Strengths: I think the relationship between two-layer networks and linear models proved in this paper is interesting. Due to the NTK analysis, we already know that using gradient descent, the output of a wide network is close to the linear model with NTK features. However, this paper shows that for a well-behaved input distribution, the output of the network is close to the linear model with basically the original input features plus some norm-dependent features in the early phase of training.

Weaknesses: The main limitation in my opinion is the assumption on the input distribution, Assumption 3.1. Is it approximately satisfied by real-world data? Is there any way to transform a given dataset so that Assumption 3.1 holds, and does it improve the performance of the network?

Correctness: I do not see any correctness issue.

Clarity: Overall the paper is well-written. The empirical results described in Section 4.2 are interesting, and I have the following questions: 1. What exactly is the linear model? Did you calculate and include the constants xi, nu and the norm-dependent features? 2. How long does the early phase last if we use a large learning rate as in practice?

Relation to Prior Work: The discussion of prior work is thorough as far as I know.

Reproducibility: Yes

Additional Feedback: Reply to the feedback: Thanks for the response! I would like to increase my score, because I realize I missed an interesting point proved in this paper: as shown in Corollary 3.3, there exists a data set on which gradient descent first learns the optimal linear classifier, and then something more complicated (for example, the optimal solution in the NTK regime, when the width is large enough). Although people have had this intuition for a long time, I think it is nice to provide a concrete case and a rigorous proof. On the other hand, I think it would be nice to include more details of the experiments. I asked how long the early phase lasts with a large learning rate as in practice, but it seems that the authors did not answer this question. In Figure 3, did you train the networks until convergence? I feel that the convolutional network should be able to drive the loss lower than what is shown in Figure 3. I think it would be nice to see how long the early phase lasts in a typical training. Relatedly, in Appendix A it is mentioned that the learning rate is 0.01/||NTK||; how large is ||NTK|| exactly?


Review 4

Summary and Contributions: This paper studies the learning dynamics of a two-layer neural network and shows that in its early training phase, the network mimics behavior of a simple linear model on input data, which is assumed to be somewhat similar to Gaussian inputs. The analysis is based on NTK but only requires a modest number of hidden neurons. The theory is supported with experiments on synthetic and real data.

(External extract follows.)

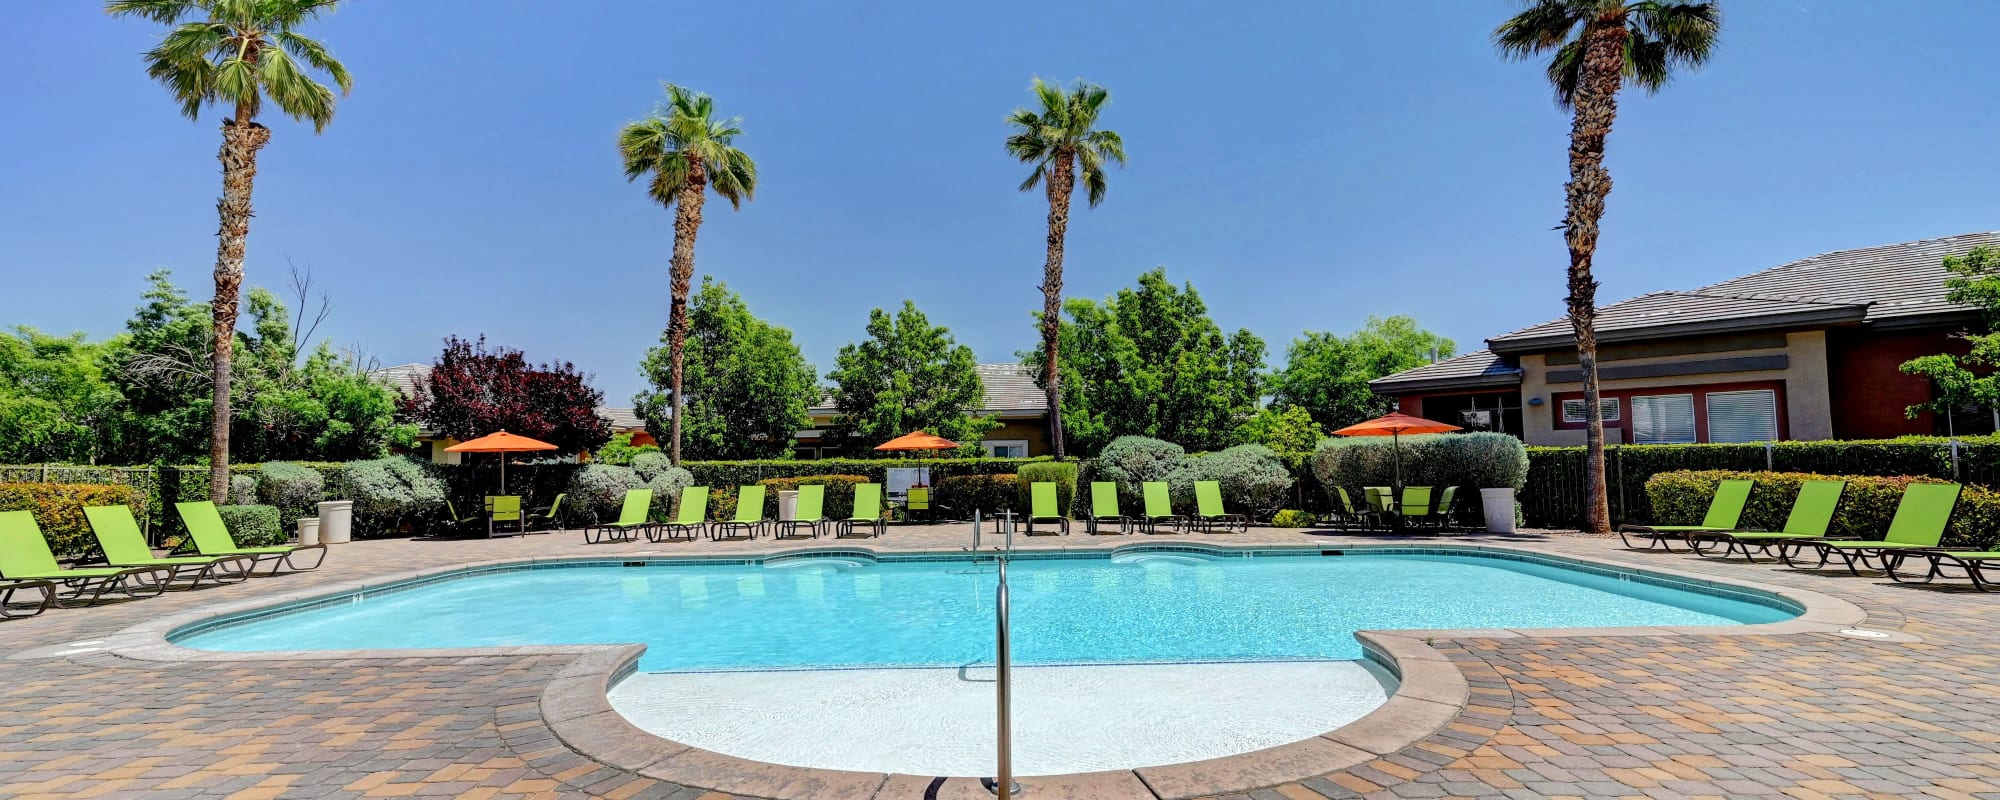 Schedule a tour of Canyon Villas Apartments in Las Vegas, Nevada

Strengths: To my knowledge, this work presents a new theoretical and empirical insight on the early-time training dynamics of neural networks. The analysis is intuitive and insightful. The requirement on width is reasonable, mainly because of the well-behaved data. Therefore, I recommend it for acceptance.

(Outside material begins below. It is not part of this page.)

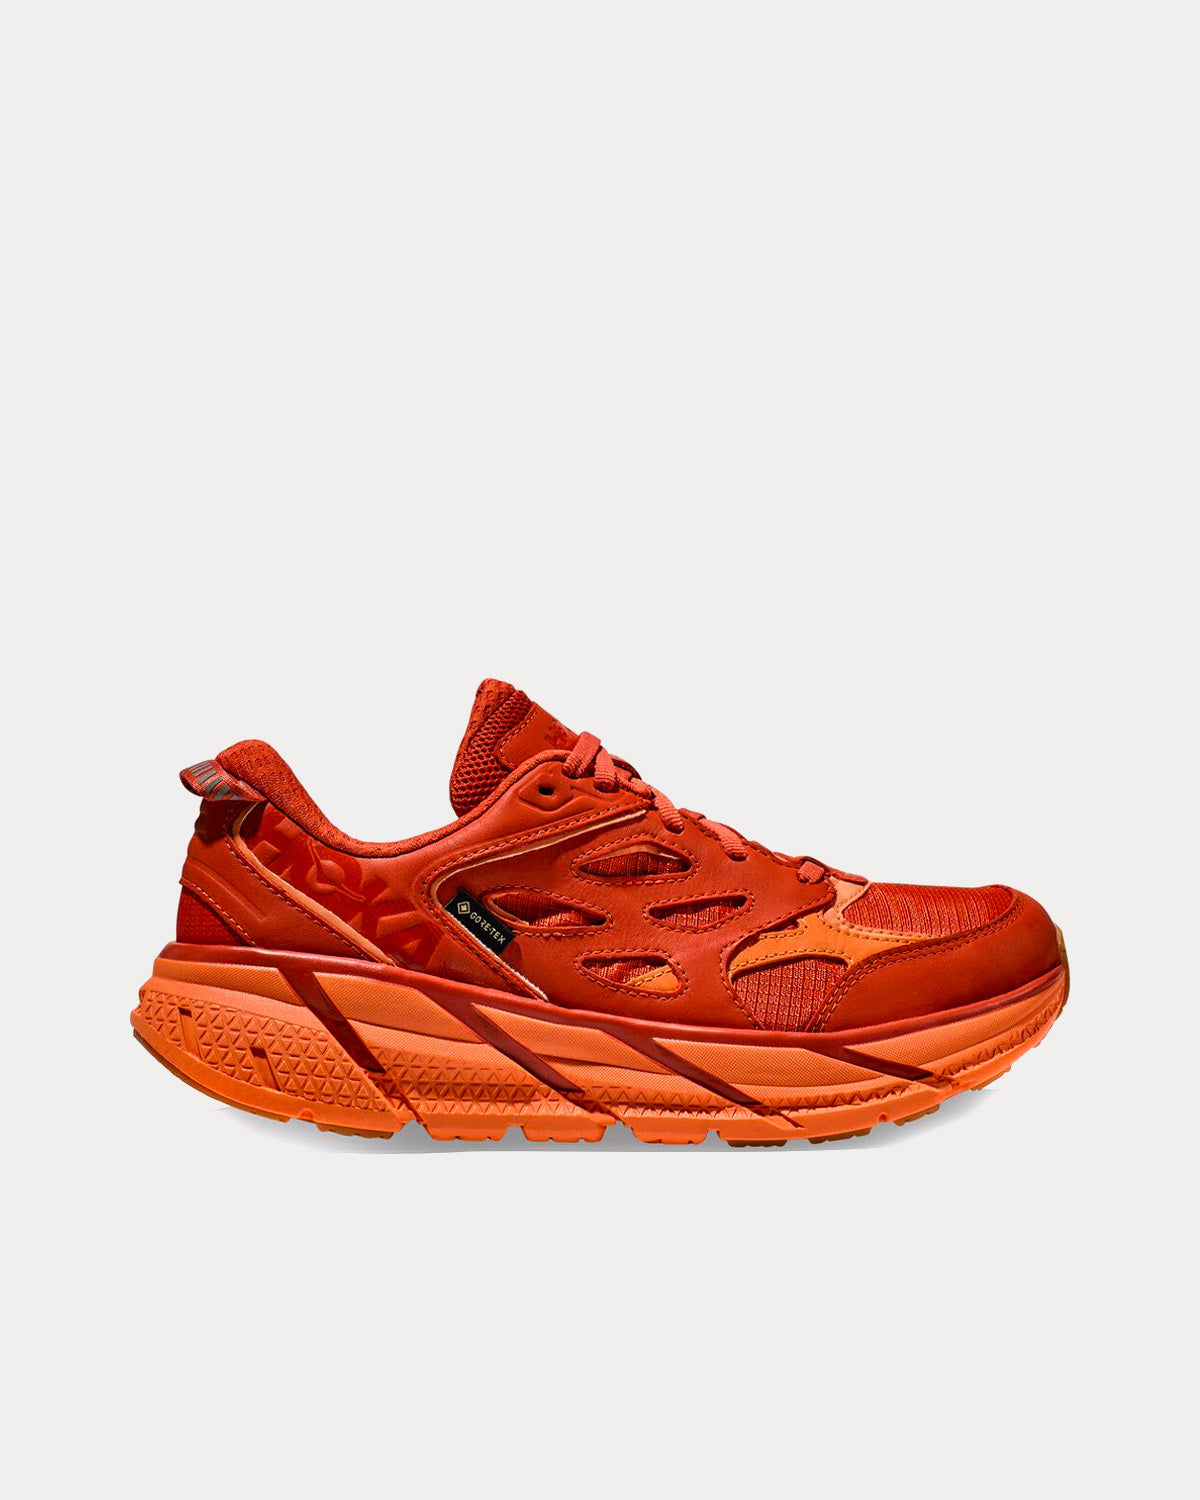 Hoka - Clifton L GORE-TEX Burnt Ochre / Copper Tan Running Shoes

Weaknesses: There is a restrictive assumption on the data distribution, which behaves very much like Gaussian data. However, the experiment on CIFA10 does show a similar phenomenon.

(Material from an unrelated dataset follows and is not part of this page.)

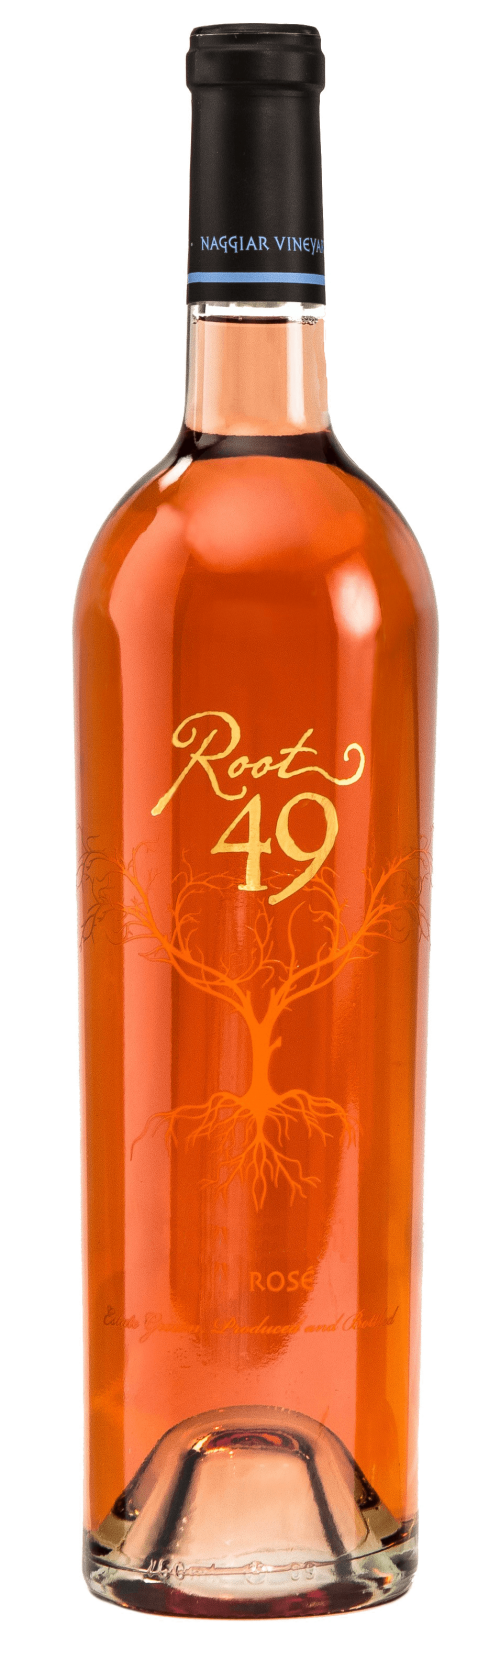 Root 49 Rose Wine Bottle

Correctness: The theoretical results are sound and empirical studies are convincing. However, the claim “we show that these common perceptions can be completely false in the early phase of learning” is not accurate, for the reason that the results hold for a limited class of data distributions and two-layer networks. The phrase “early phase of learning” is not entirely clear.

Clarity: Yes

Relation to Prior Work: Yes

Reproducibility: Yes

Additional Feedback: I have some general questions: 1. Can the authors explain further the statement “we show that these common perceptions can be completely false”? 2. Any intuition/reason why the networks eventually escape the linear behavior? 3. Would one expect the same behavior for deep networks? Could the analysis be extended to deep network settings and more general data? 4. In Section 3.4, what if RELU was used instead of ERF? ---------- After rebuttal ---------- I am happy with the author response and keep the same score.